The problem => Any picture in the material should be left out, while all other lines are copied exactly.

Supplied data =>
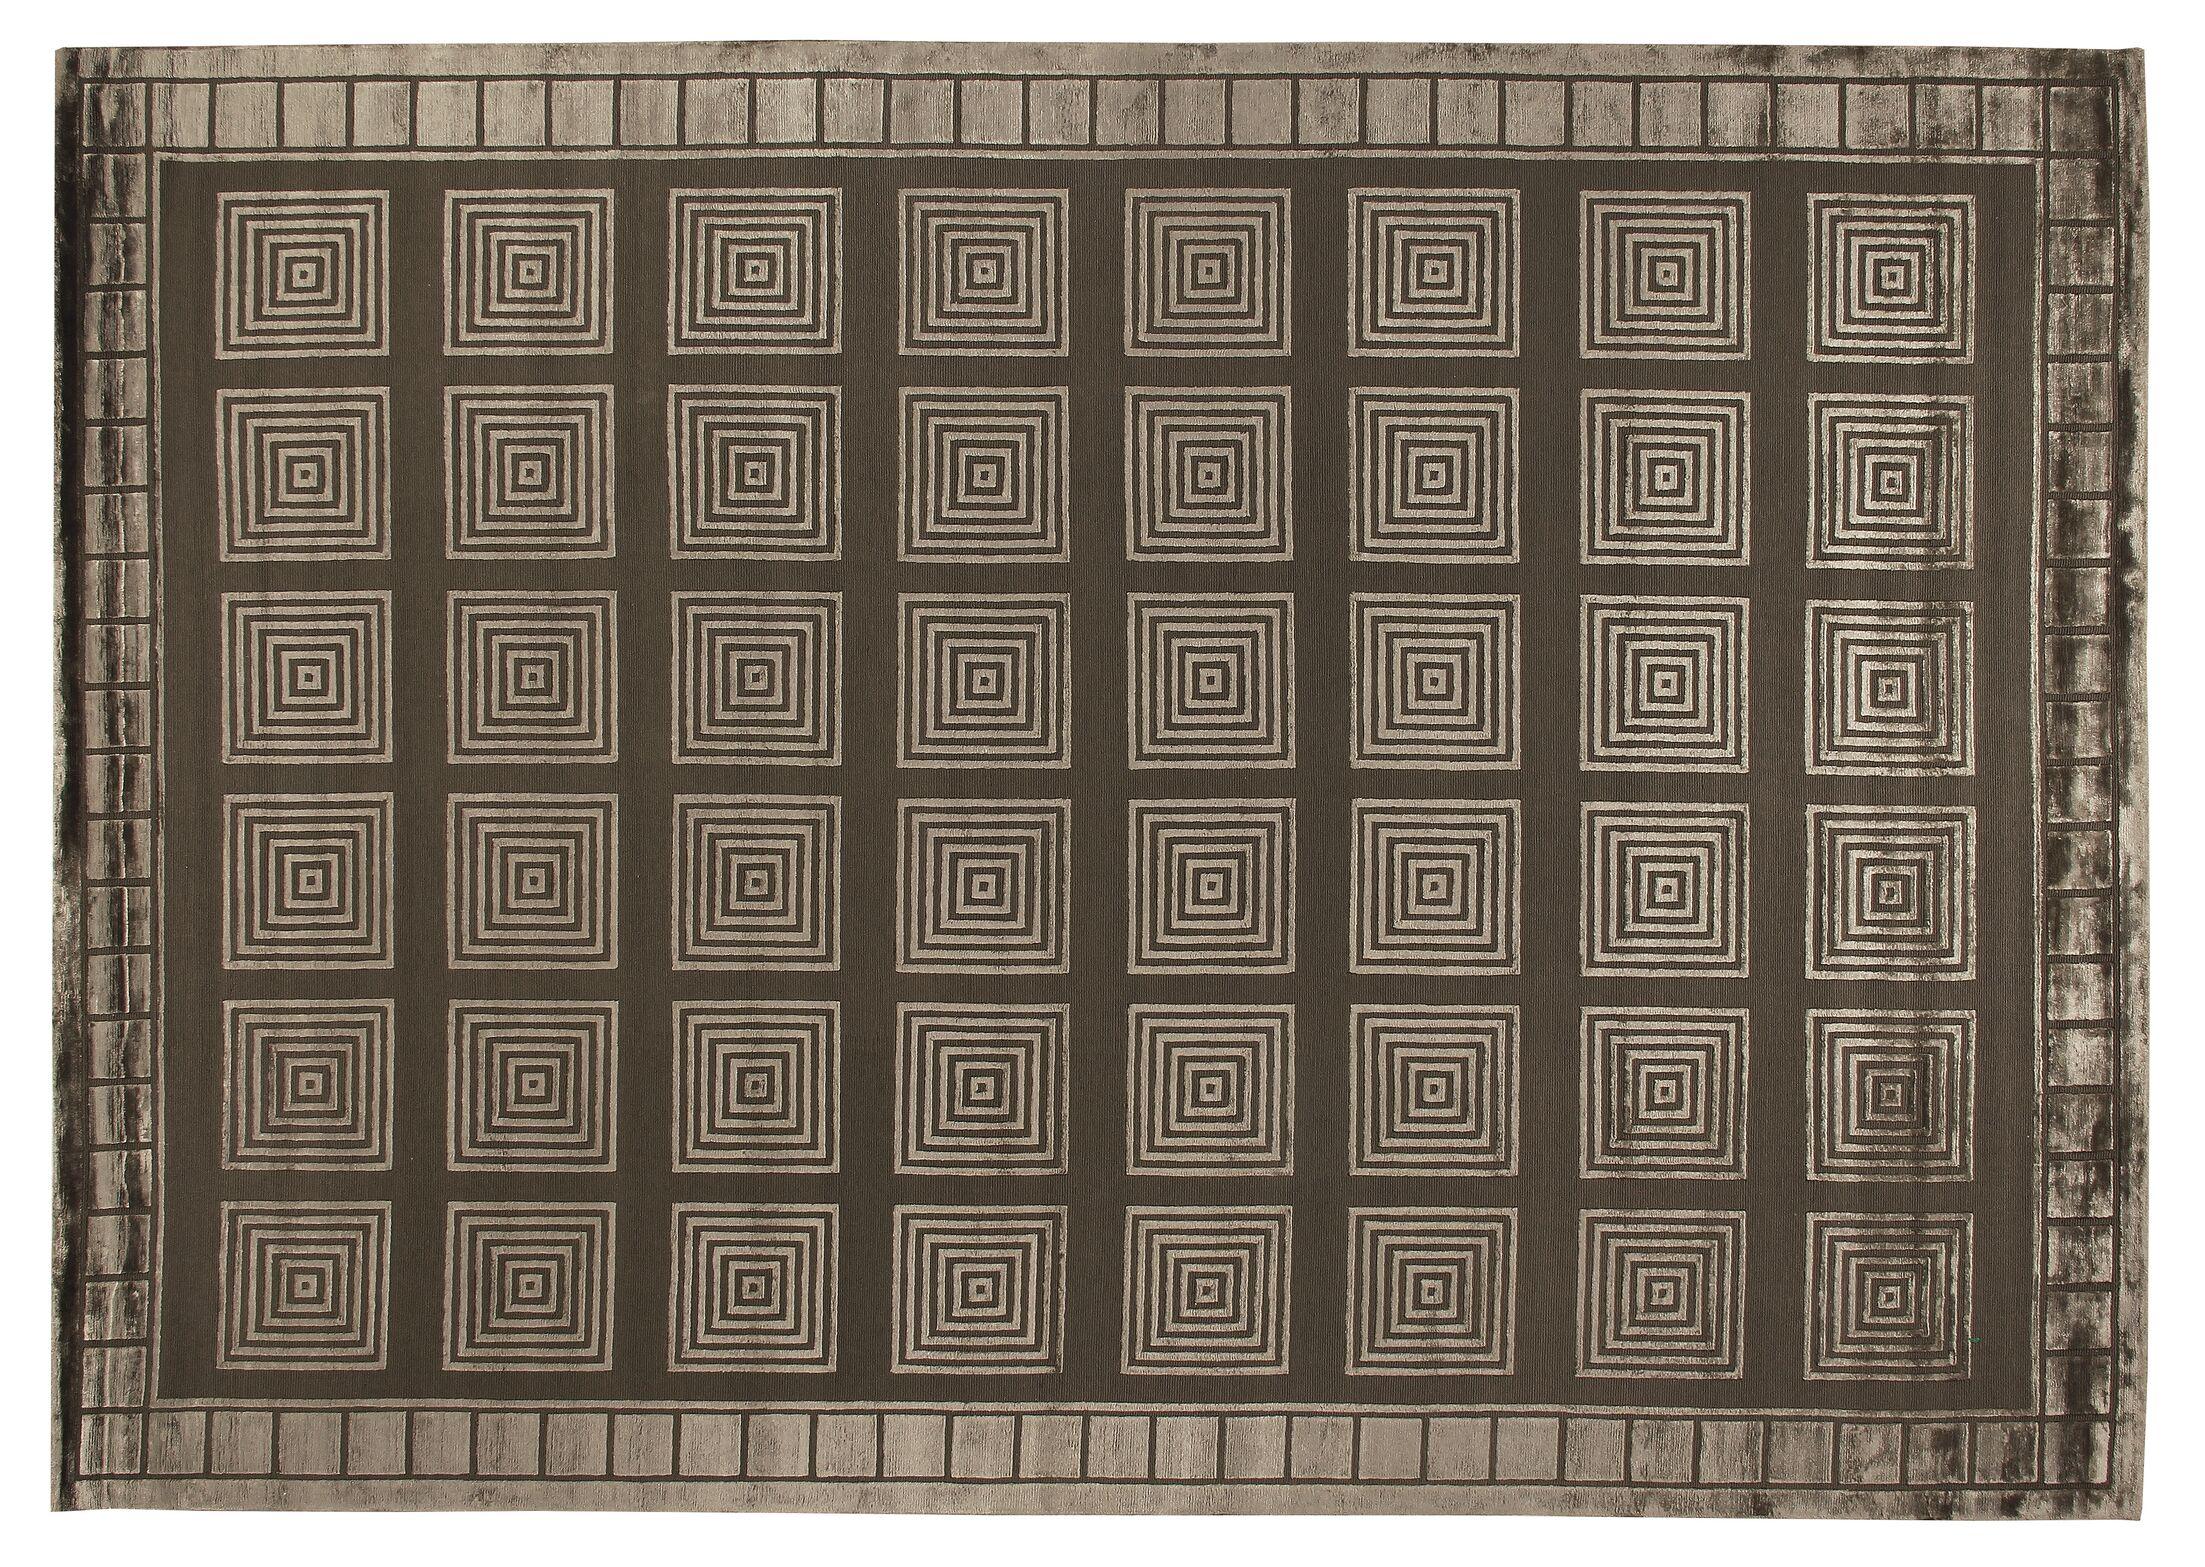 Metro Hand Woven Khaki Area Rug Rug Size: Rectangle 8' x 10'
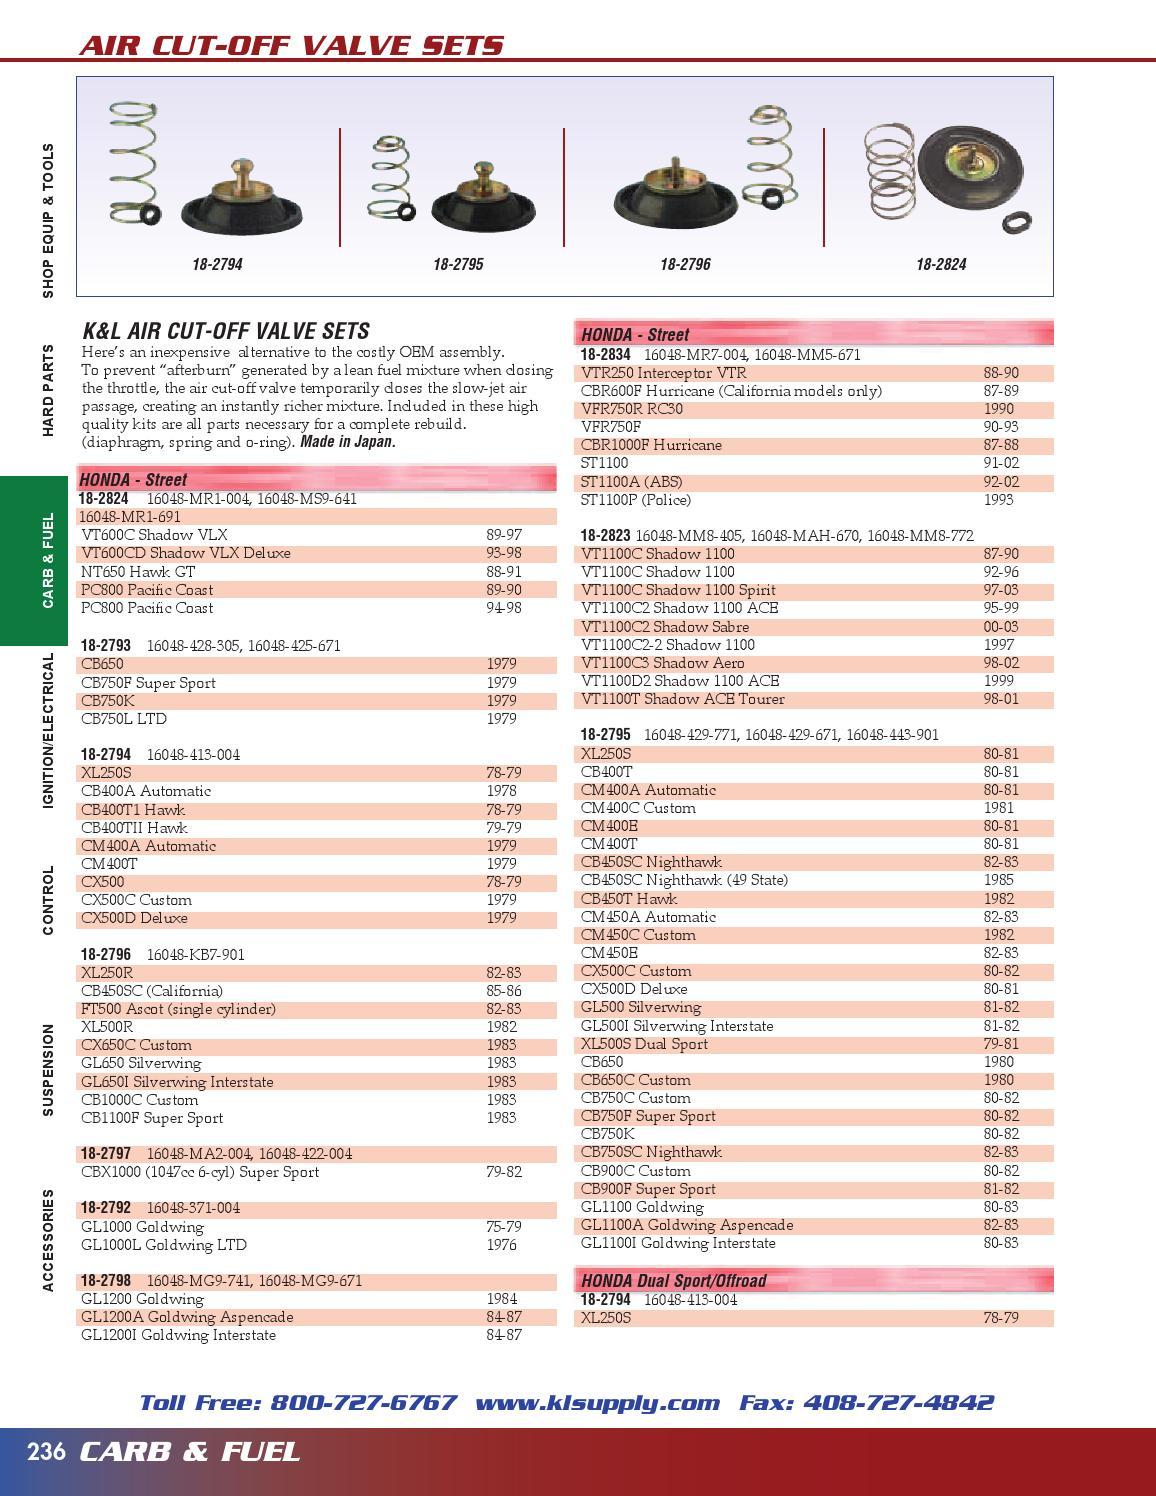 2014 K&L Catalog
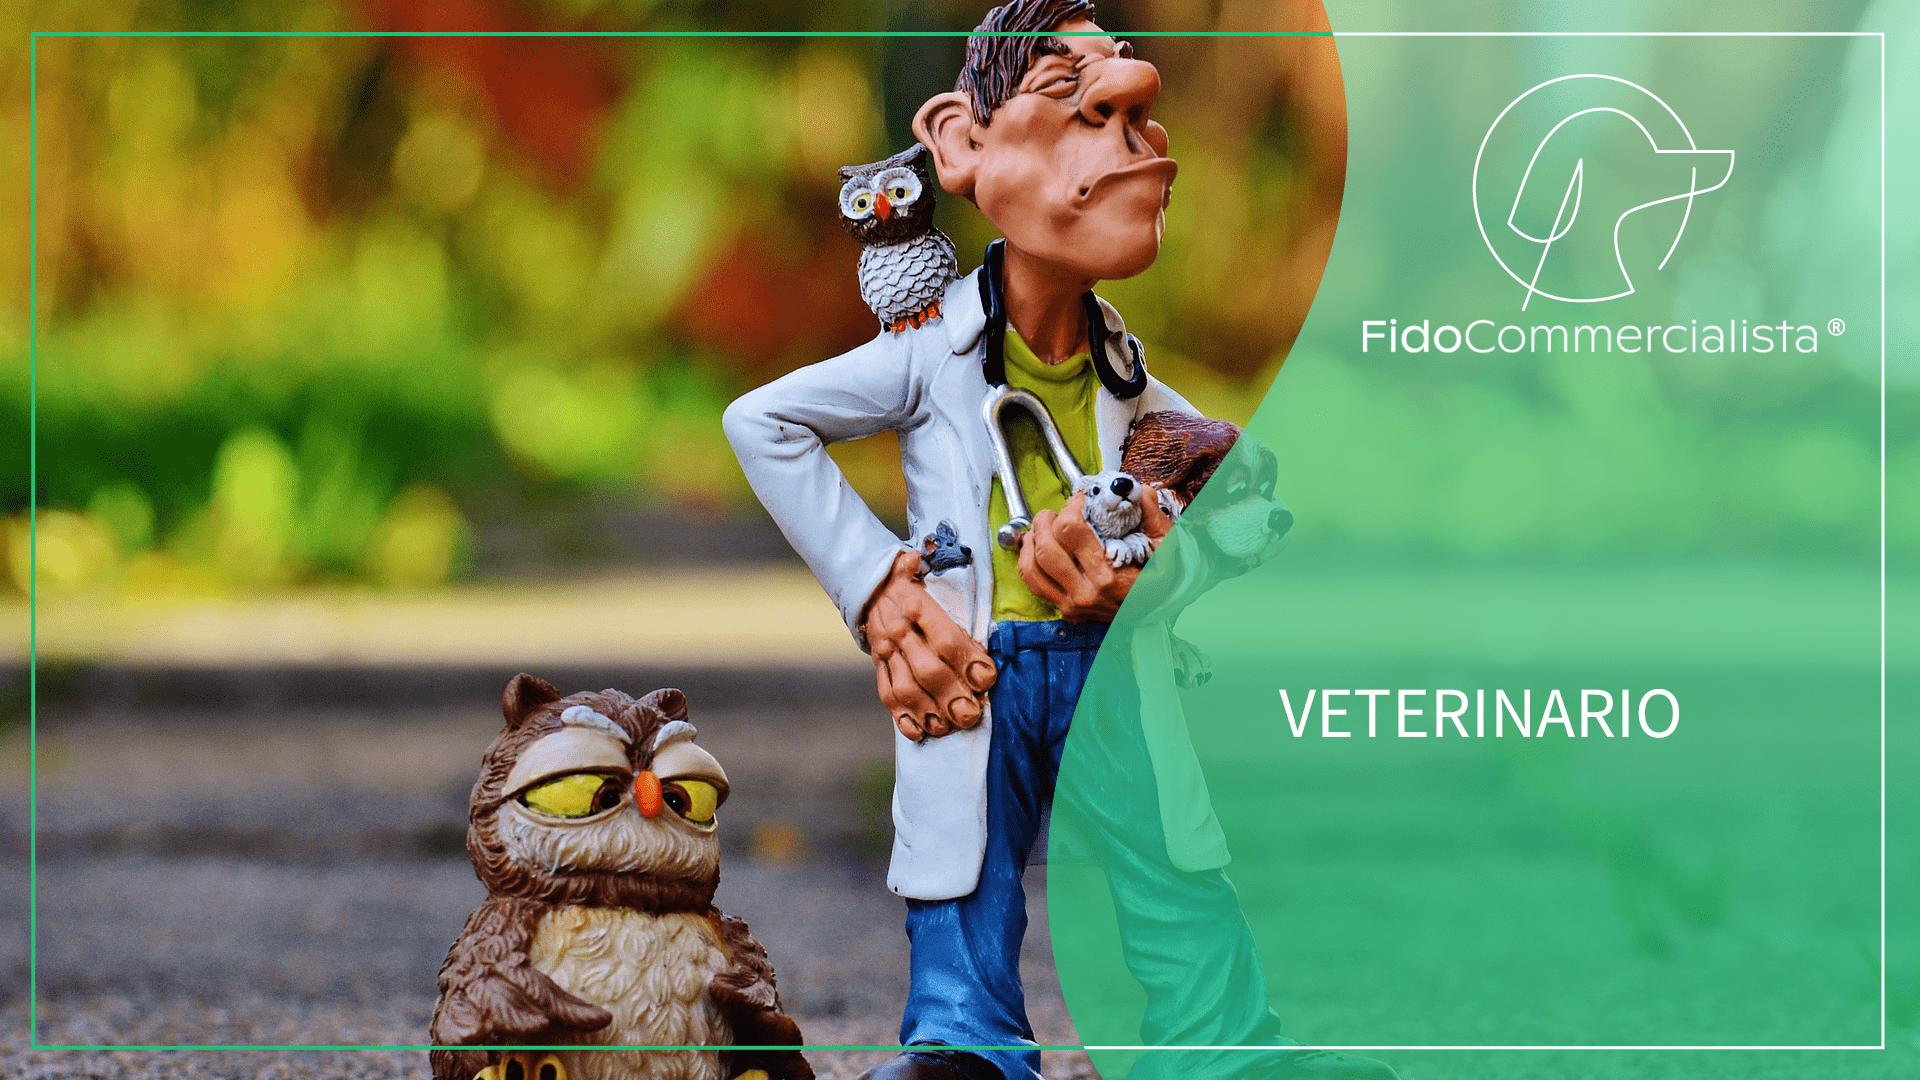 veterinarian-1050805_1920 (1)

Your response =>
 Metro Hand Woven Khaki Area Rug Rug Size: Rectangle 8' x 10'
 2014 K&L Catalog
 veterinarian-1050805_1920 (1)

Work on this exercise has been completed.